Cependant, le médecin conseil a bien tenu compte de l’état pathologique antérieur interférent du salarié puisque, suite à son examen clinique de l’intéressé, il a conclu que « n’est imputable à l’accident de travail du 16 novembre 2021, qu’une limitation douloureuse légère de tous les mouvements de l’épaule droite dominante entraînant un retentissement modéré sur la capacité de travail ».
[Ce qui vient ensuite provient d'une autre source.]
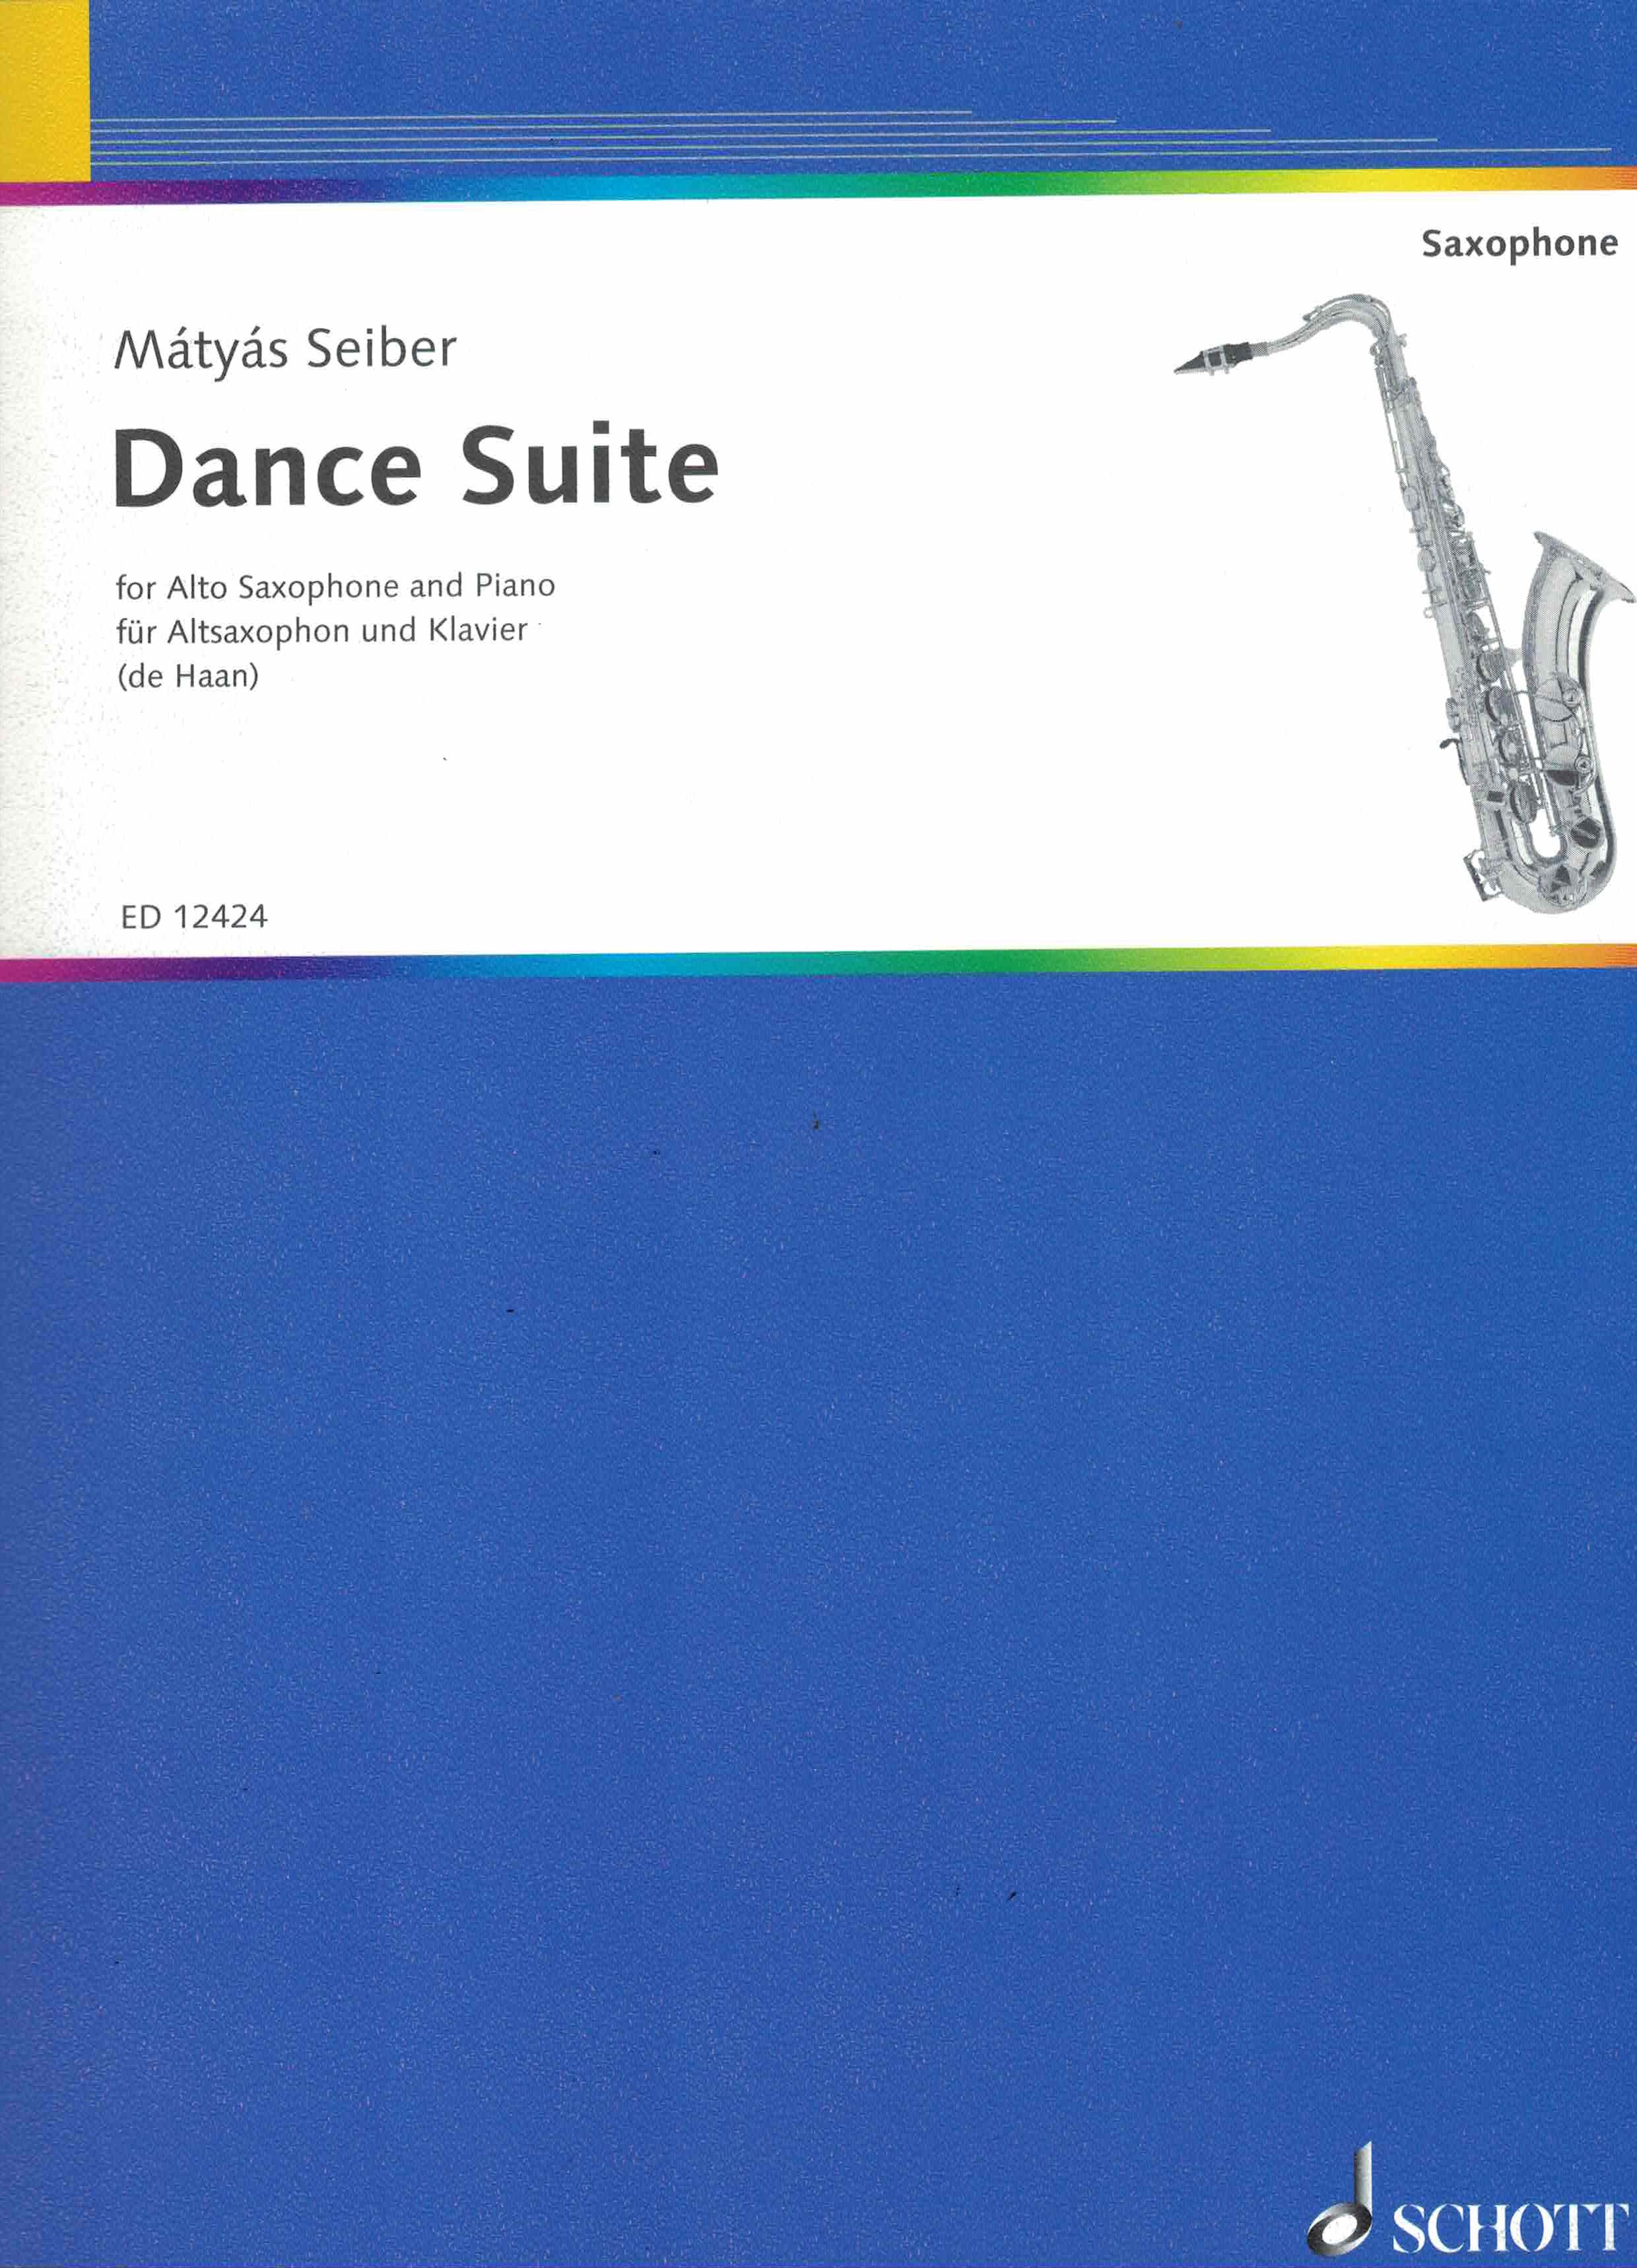 Dance Suite - Seiber, Altsaxophon/Klavier
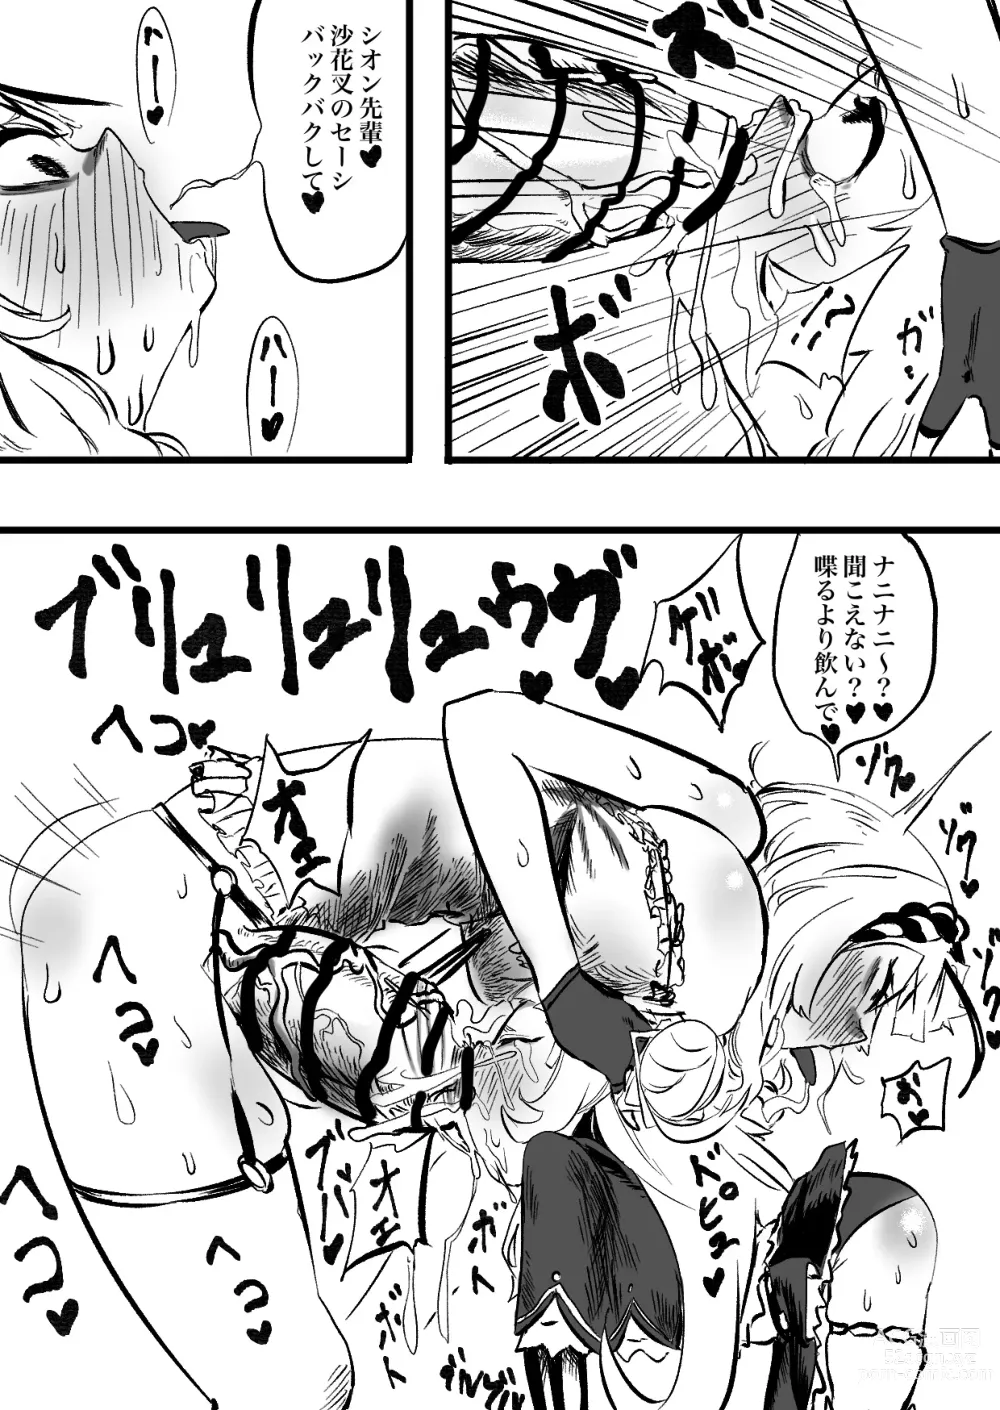 Page 11 of doujinshi KuroShio unde mirumiru fiiyu

Or, le chapitre 1.1.2 du guide barème prévoit un taux de 10 à 15% pour les limitations légère de tous les mouvements de l’épaule dominante et le salarié, qui est droitier, souffre bien d’une limitation légère douloureuse de tous les mouvements de son épaule droite, dominante. Ainsi, en évaluant au plancher de la fourchette de taux d’IPP et à la moitié du taux prenant en compte la douleur ( 15 + 5%) préconisé par le barème indicatif d’invalidité alors même que le salarié souffre de douleurs en plus d’une limitation de l’ensemble des mouvements de son épaule droite, le médecin conseil de la caisse a bien tenu compte de l’état pathologique antérieur du salarié dans des proportions qui apparaissent justifiées.
Dans ces conditions, il n’y a pas lieu de remettre en cause le taux d’IPP attribué et il n’est pas plus justifié de la nécessité de mettre en oeuvre une expertise médicale.
Sur les dépens
L’employeur succombant, il sera condamné aux entiers dépens.
PAR CES MOTIFS,
Le tribunal statuant après en avoir délibéré conformément à la loi, publiquement, par mise à disposition au greffe, par jugement contradictoire et en premier ressort,
DEBOUTE la SASU [1] de l’ensemble de ses demandes ;
DECLARE opposable à la SASU [2] [Localité 4] le taux d’IPP de 10%, attribué par la caisse primaire d’assurance maladie de [Localité 5] à M. [Z] [F] à la consolidation de l’accident du travail du 16 novembre 2021 ;
CONDAMNE la SASU [1] aux entiers dépens de l’instance.
Ainsi jugé et prononcé les jour, mois et an susdits.